◆ Data for analysis ◆

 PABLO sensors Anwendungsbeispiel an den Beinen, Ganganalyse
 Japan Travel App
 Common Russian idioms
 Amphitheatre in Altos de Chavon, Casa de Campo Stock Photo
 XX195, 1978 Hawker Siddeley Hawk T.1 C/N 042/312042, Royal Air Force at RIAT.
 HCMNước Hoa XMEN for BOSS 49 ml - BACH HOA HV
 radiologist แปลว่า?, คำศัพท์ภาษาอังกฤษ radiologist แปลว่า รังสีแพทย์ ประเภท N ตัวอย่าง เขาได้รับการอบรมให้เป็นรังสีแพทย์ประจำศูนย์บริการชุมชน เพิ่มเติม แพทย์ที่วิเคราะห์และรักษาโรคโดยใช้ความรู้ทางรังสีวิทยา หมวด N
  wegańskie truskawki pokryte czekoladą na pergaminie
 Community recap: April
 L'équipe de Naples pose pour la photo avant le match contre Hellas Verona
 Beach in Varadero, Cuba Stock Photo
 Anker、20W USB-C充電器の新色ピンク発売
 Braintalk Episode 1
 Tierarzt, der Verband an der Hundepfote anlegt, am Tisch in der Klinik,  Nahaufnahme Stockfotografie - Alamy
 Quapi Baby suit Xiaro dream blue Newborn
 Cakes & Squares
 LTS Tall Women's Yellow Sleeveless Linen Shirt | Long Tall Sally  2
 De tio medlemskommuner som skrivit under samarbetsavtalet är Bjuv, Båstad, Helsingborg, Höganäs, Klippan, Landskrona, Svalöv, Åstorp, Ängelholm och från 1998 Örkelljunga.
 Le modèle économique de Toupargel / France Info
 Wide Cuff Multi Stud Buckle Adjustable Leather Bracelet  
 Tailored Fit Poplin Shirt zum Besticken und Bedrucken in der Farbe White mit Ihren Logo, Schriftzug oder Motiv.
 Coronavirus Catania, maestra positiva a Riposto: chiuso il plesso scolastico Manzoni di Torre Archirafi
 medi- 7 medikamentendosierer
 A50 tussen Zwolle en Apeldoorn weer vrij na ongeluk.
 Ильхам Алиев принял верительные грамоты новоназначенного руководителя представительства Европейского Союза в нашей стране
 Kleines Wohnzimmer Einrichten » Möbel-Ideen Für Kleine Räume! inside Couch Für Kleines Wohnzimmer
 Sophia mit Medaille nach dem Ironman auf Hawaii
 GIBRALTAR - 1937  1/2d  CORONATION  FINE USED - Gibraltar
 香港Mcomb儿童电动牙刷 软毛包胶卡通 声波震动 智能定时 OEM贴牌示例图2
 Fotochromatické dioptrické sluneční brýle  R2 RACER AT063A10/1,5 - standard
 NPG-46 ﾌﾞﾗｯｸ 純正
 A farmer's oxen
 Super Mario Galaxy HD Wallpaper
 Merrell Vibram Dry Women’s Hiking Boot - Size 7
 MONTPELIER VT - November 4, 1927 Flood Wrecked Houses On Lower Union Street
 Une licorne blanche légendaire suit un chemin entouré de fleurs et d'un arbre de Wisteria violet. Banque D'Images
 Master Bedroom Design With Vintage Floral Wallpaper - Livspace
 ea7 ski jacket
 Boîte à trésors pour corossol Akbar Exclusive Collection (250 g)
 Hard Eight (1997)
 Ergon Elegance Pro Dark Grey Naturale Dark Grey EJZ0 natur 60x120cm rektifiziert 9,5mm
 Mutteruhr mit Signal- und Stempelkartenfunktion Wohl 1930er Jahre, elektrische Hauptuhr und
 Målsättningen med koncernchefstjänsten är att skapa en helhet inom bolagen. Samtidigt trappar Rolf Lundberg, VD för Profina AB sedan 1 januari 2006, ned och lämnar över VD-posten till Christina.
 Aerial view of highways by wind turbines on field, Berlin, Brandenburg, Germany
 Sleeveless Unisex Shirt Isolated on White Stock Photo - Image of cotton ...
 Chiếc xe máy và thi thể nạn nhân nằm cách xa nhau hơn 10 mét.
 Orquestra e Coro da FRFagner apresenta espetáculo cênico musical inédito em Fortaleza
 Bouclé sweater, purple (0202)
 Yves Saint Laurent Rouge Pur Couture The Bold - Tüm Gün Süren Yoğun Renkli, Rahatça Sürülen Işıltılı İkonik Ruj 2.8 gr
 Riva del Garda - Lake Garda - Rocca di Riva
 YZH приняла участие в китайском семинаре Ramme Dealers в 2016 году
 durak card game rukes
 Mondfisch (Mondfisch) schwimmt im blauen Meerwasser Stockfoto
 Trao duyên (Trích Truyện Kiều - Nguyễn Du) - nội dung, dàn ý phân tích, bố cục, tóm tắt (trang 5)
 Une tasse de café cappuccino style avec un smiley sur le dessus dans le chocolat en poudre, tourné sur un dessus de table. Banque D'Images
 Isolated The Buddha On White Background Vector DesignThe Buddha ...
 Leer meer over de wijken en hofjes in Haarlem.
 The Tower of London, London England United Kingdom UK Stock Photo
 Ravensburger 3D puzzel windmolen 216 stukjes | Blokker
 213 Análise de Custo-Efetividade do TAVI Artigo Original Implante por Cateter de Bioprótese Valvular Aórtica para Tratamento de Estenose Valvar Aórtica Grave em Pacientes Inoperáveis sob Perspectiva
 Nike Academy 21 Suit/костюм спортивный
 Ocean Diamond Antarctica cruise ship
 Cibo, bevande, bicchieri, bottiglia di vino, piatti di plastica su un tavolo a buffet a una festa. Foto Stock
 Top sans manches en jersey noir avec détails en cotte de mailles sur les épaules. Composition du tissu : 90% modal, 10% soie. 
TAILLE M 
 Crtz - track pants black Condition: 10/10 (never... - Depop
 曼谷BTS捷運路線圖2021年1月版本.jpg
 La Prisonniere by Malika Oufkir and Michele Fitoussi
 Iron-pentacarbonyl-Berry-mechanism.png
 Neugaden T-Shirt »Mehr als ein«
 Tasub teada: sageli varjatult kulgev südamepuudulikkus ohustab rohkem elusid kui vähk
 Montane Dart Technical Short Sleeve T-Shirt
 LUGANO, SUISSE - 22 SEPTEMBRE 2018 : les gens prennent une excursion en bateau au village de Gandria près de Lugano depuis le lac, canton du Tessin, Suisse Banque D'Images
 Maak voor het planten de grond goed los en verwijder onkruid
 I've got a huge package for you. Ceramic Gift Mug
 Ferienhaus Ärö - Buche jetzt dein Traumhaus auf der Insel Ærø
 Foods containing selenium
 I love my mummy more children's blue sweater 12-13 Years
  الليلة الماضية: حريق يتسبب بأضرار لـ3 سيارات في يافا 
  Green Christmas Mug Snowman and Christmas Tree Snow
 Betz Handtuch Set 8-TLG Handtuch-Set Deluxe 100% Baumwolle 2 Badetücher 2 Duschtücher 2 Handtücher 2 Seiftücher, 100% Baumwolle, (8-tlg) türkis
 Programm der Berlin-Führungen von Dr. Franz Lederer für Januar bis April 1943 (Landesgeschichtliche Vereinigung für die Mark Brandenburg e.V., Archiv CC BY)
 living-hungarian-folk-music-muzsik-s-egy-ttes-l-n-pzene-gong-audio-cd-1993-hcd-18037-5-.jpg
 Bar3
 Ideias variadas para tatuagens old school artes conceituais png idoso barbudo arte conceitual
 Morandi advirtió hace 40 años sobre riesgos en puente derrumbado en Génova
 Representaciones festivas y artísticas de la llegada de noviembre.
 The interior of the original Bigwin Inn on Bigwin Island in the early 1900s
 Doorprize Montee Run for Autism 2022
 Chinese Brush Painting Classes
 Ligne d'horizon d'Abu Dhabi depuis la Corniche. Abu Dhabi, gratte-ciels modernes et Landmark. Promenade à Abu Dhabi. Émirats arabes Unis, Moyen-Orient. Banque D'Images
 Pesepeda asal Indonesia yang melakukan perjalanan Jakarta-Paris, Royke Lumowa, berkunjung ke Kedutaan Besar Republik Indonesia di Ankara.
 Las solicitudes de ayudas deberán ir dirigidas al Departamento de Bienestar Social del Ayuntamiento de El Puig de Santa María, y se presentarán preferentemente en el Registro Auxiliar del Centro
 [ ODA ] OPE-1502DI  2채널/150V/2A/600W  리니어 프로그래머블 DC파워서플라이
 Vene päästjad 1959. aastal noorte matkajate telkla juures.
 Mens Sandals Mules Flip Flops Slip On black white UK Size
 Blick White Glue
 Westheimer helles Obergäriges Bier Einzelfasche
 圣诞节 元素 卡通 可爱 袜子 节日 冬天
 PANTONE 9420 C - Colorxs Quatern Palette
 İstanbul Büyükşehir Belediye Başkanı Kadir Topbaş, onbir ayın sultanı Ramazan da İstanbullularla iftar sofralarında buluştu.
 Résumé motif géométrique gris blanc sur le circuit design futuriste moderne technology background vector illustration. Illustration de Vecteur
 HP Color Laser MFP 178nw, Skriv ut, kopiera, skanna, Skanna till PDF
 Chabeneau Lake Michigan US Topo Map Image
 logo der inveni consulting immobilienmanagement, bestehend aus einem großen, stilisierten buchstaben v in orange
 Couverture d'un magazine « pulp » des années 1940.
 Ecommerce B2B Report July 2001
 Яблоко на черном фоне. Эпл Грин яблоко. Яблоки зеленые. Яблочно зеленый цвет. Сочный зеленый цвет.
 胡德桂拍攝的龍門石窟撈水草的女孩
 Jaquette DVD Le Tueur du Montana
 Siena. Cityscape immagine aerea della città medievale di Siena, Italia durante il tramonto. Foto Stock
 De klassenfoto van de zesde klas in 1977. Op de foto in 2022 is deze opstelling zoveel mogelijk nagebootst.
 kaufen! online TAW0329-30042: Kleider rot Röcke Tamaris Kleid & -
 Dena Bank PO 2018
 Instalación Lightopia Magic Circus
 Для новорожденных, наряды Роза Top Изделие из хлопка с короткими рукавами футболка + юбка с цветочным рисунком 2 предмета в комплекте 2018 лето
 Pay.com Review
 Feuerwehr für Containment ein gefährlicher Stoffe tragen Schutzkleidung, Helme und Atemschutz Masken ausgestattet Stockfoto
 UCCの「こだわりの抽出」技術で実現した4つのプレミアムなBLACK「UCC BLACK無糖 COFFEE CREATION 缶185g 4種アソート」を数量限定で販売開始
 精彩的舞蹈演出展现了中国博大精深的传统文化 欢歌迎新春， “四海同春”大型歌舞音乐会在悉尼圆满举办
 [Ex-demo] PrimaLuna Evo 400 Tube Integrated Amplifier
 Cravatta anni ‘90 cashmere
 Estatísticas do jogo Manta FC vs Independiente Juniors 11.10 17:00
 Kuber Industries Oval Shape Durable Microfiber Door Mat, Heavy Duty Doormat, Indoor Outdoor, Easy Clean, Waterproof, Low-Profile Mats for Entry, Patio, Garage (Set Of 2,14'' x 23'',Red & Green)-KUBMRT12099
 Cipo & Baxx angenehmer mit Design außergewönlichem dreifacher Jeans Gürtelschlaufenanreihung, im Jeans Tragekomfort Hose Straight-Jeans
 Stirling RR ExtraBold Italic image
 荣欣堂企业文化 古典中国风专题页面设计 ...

◆ What to work on ◆
Output exactly the span of lines beginning at the first line of the records and ending at the line that holds "medi- 7 medikamentendosierer", inclusive, with no other text.

◆ Exercise result ◆
 PABLO sensors Anwendungsbeispiel an den Beinen, Ganganalyse
 Japan Travel App
 Common Russian idioms
 Amphitheatre in Altos de Chavon, Casa de Campo Stock Photo
 XX195, 1978 Hawker Siddeley Hawk T.1 C/N 042/312042, Royal Air Force at RIAT.
 HCMNước Hoa XMEN for BOSS 49 ml - BACH HOA HV
 radiologist แปลว่า?, คำศัพท์ภาษาอังกฤษ radiologist แปลว่า รังสีแพทย์ ประเภท N ตัวอย่าง เขาได้รับการอบรมให้เป็นรังสีแพทย์ประจำศูนย์บริการชุมชน เพิ่มเติม แพทย์ที่วิเคราะห์และรักษาโรคโดยใช้ความรู้ทางรังสีวิทยา หมวด N
  wegańskie truskawki pokryte czekoladą na pergaminie
 Community recap: April
 L'équipe de Naples pose pour la photo avant le match contre Hellas Verona
 Beach in Varadero, Cuba Stock Photo
 Anker、20W USB-C充電器の新色ピンク発売
 Braintalk Episode 1
 Tierarzt, der Verband an der Hundepfote anlegt, am Tisch in der Klinik,  Nahaufnahme Stockfotografie - Alamy
 Quapi Baby suit Xiaro dream blue Newborn
 Cakes & Squares
 LTS Tall Women's Yellow Sleeveless Linen Shirt | Long Tall Sally  2
 De tio medlemskommuner som skrivit under samarbetsavtalet är Bjuv, Båstad, Helsingborg, Höganäs, Klippan, Landskrona, Svalöv, Åstorp, Ängelholm och från 1998 Örkelljunga.
 Le modèle économique de Toupargel / France Info
 Wide Cuff Multi Stud Buckle Adjustable Leather Bracelet  
 Tailored Fit Poplin Shirt zum Besticken und Bedrucken in der Farbe White mit Ihren Logo, Schriftzug oder Motiv.
 Coronavirus Catania, maestra positiva a Riposto: chiuso il plesso scolastico Manzoni di Torre Archirafi
 medi- 7 medikamentendosierer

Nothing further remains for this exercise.